Derazantinib is also under investigation in the phase 1/2 FIDES-02 trial (NCT04045613), where it is being evaluated as a single agent and in combination with atezolizumab (Tecentriq) in patients with advanced solid tumors.6 The trial is comprised of several substudies:
The primary end point of substudies 1, 3, and 4 is to examine the antitumor activity of derazantinib monotherapy and in combination with atezolizumab via ORR per central radiology review and RECIST v1.1 criteria. The primary end point for substudy 2 is to identify the RP2D of derazantinib plus atezolizumab, which will be done by evaluating the proportion of those experiencing dose-limiting toxicities, AEs, preliminary pharmacokinetics, and efficacy data.
Basilea announced that based on the interim efficacy data observed in the ongoing cohort of patients with FGFR inhibitor–naïve urothelial cancer receiving derazantinib monotherapy at a daily dose of 300 mg as a second-line or later treatment, the cohort will not be further expanded.
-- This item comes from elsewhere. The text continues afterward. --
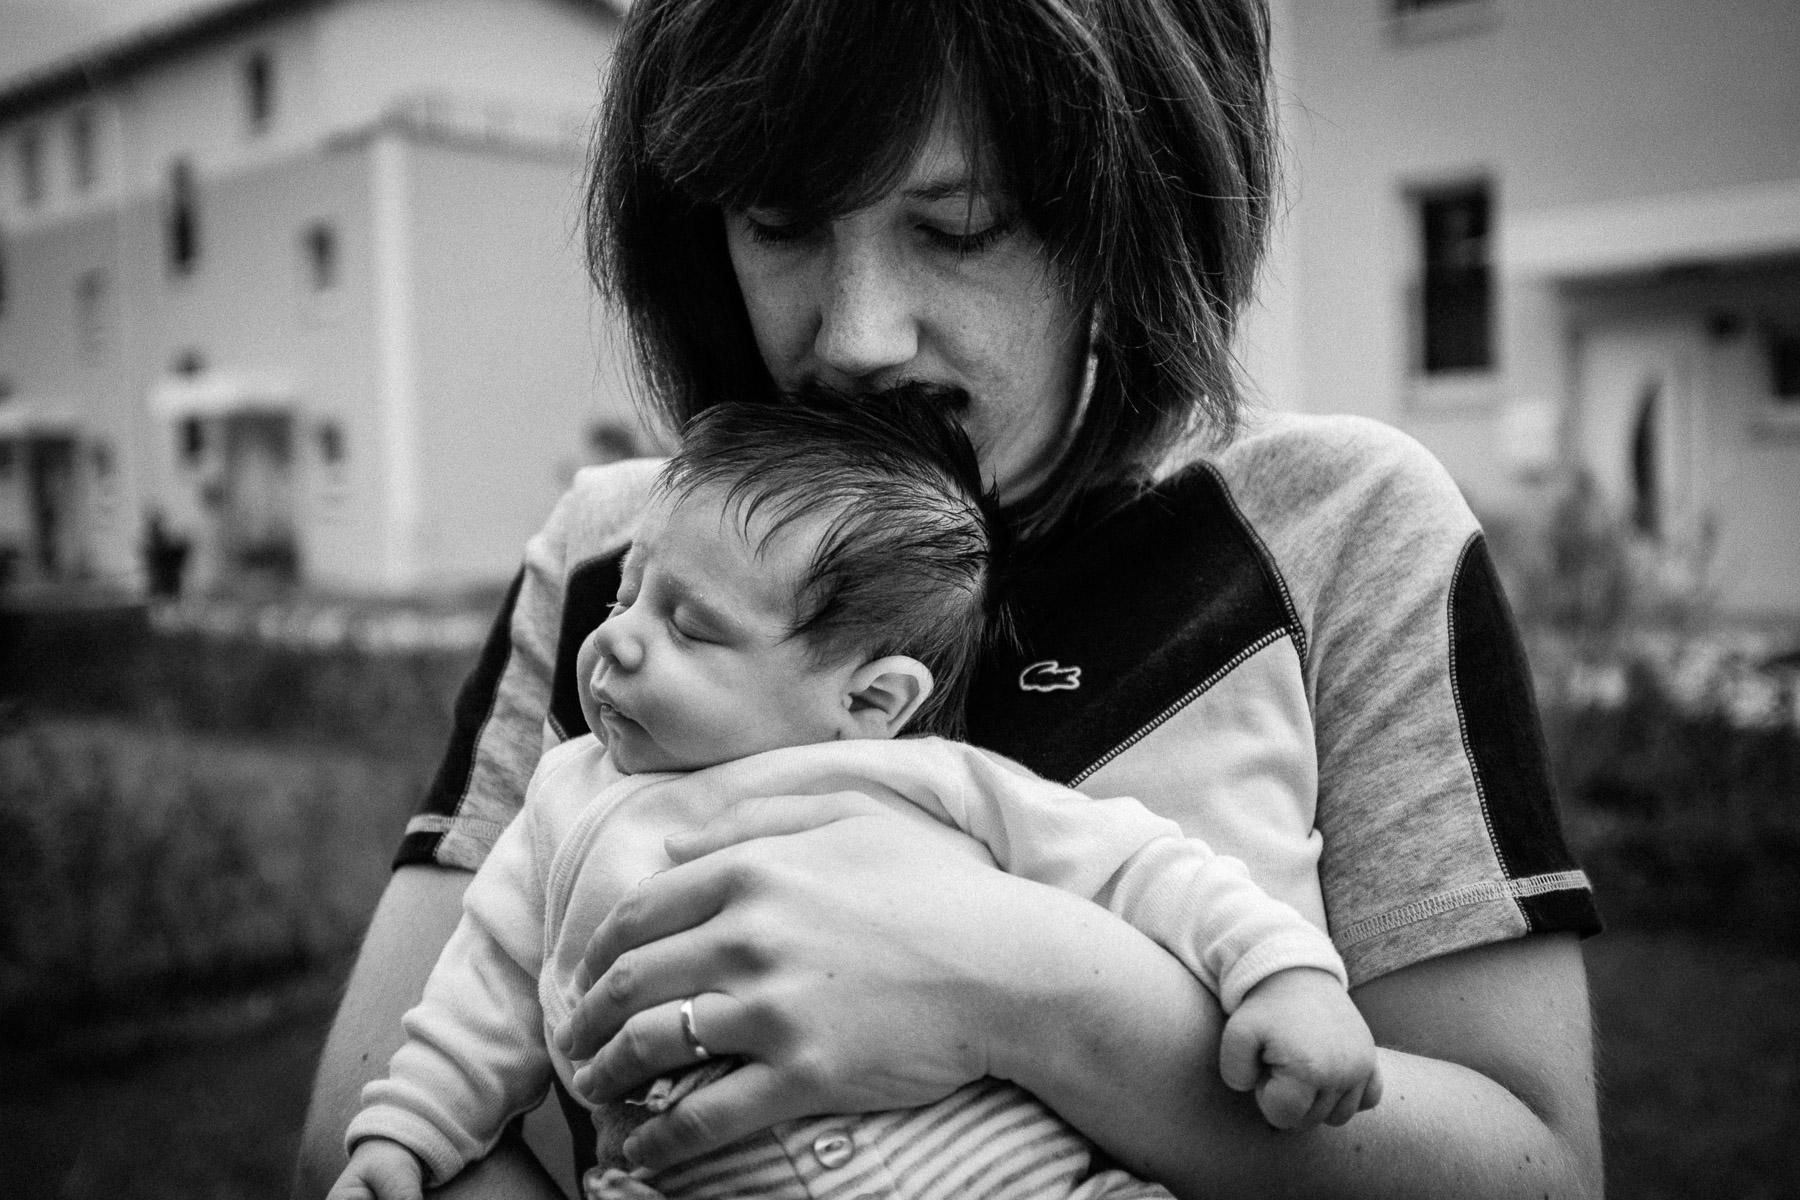 Martin_Liebl_Kein_Familienfotograf_M_Blog_17.jpg
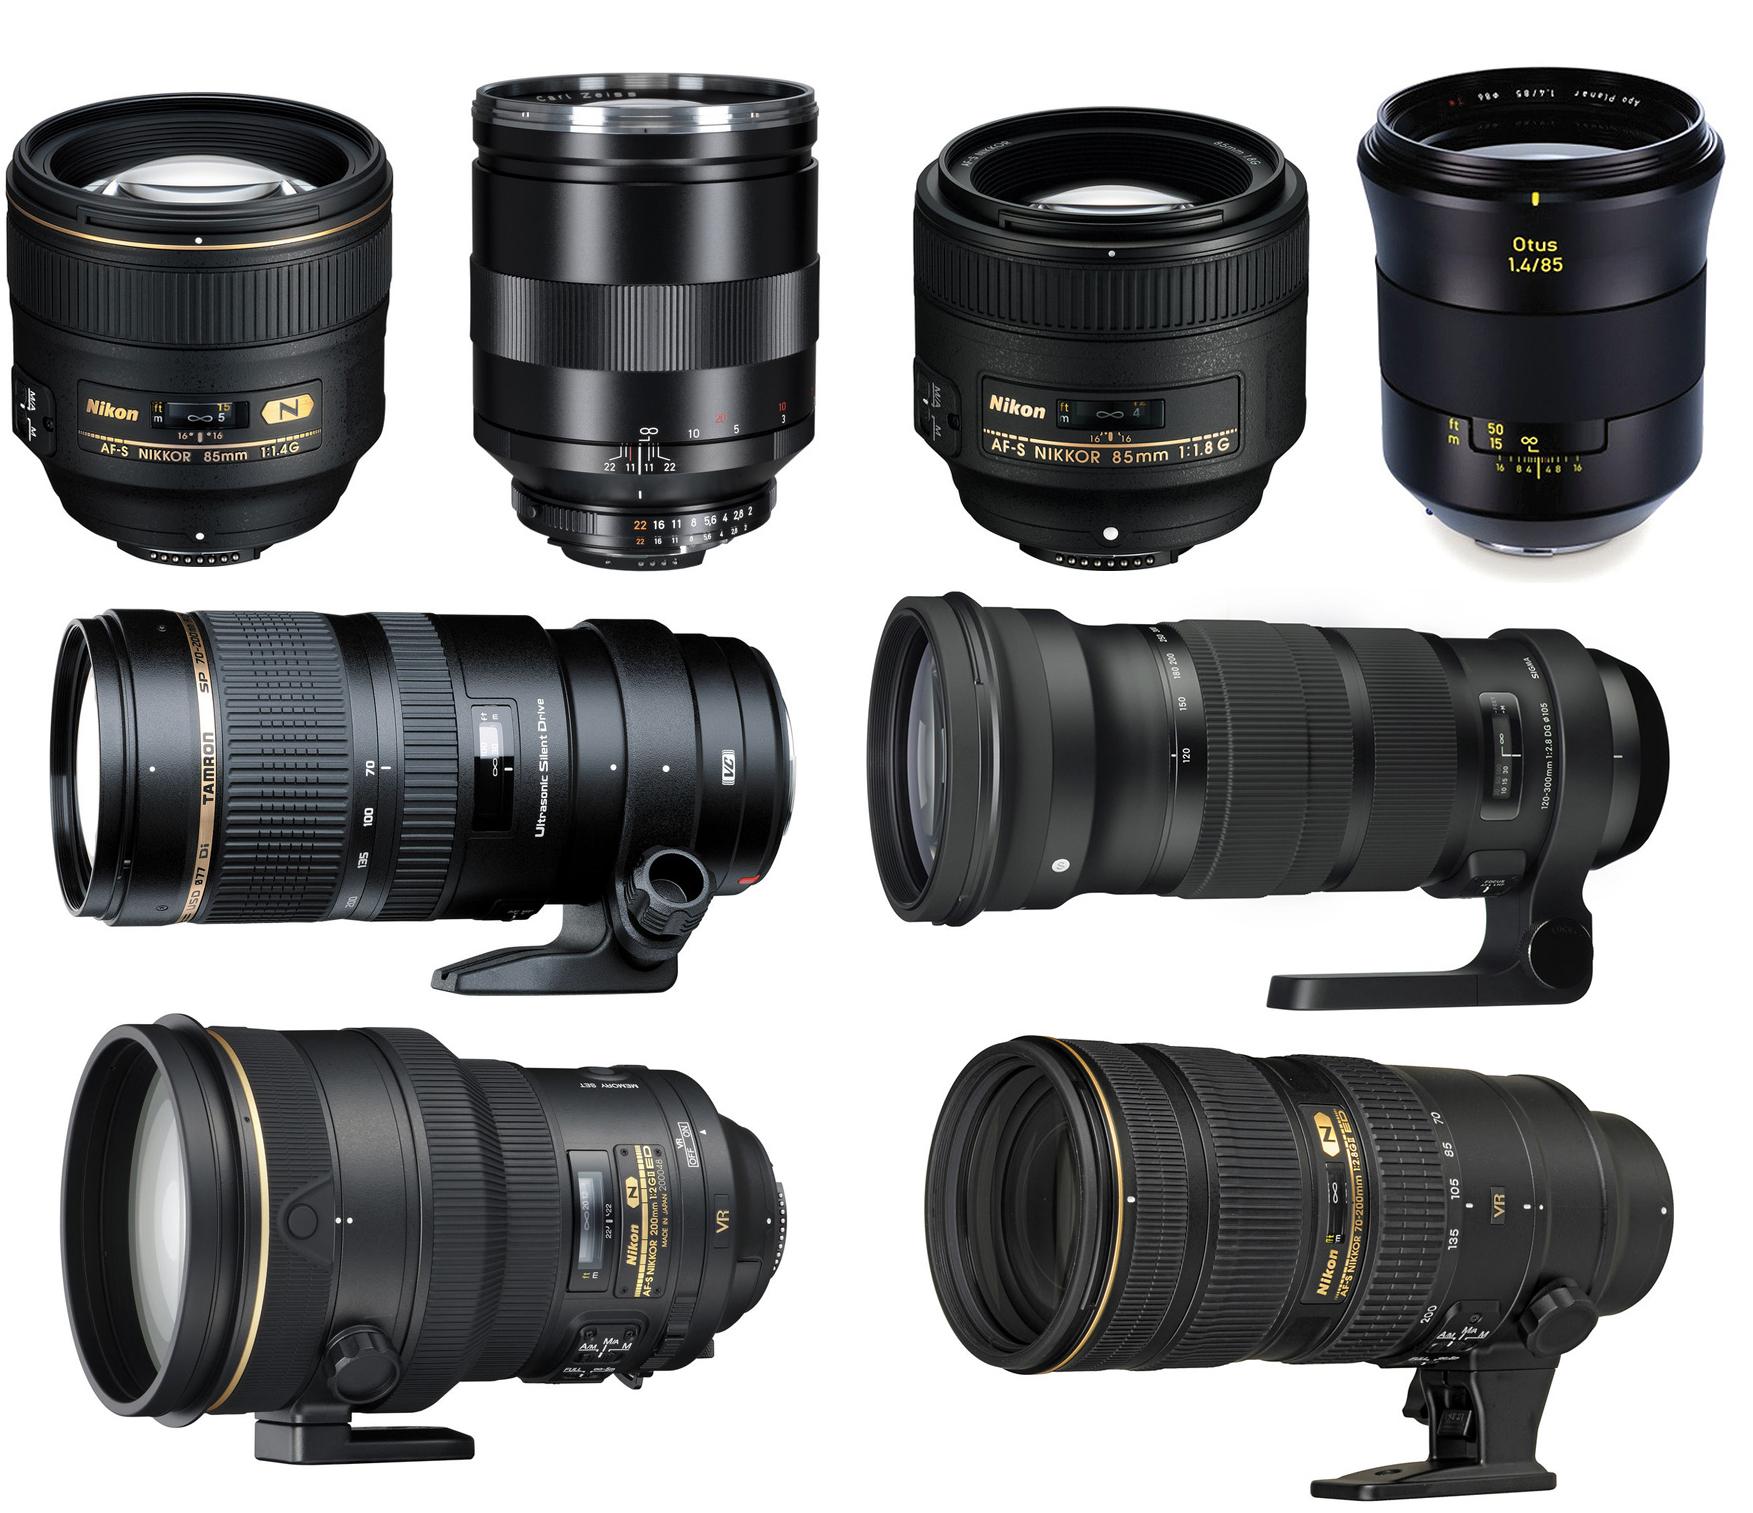 Best Telephoto Lenses for Nikon DSLRs | Lens Rumors

Now, efforts will be focused on examining an intensified dose of 400 mg daily in this patient population based on available data.
“Derazantinib monotherapy at a dose of 300 mg per day has shown to be efficacious and safe in patients with intrahepatic cholangiocarcinoma and has also provided signs of clinical benefit in the ongoing FIDES-02 urothelial cancer study,” Engelhardt explained. “The unmet medical need in advanced metastatic urothelial cancer remains high…Derazantinib dose levels above 300 mg per day have previously been studied and we believe that the intensified dose regimen of 400 mg per day could provide additional overall clinical benefit in advanced urothelial cancer.”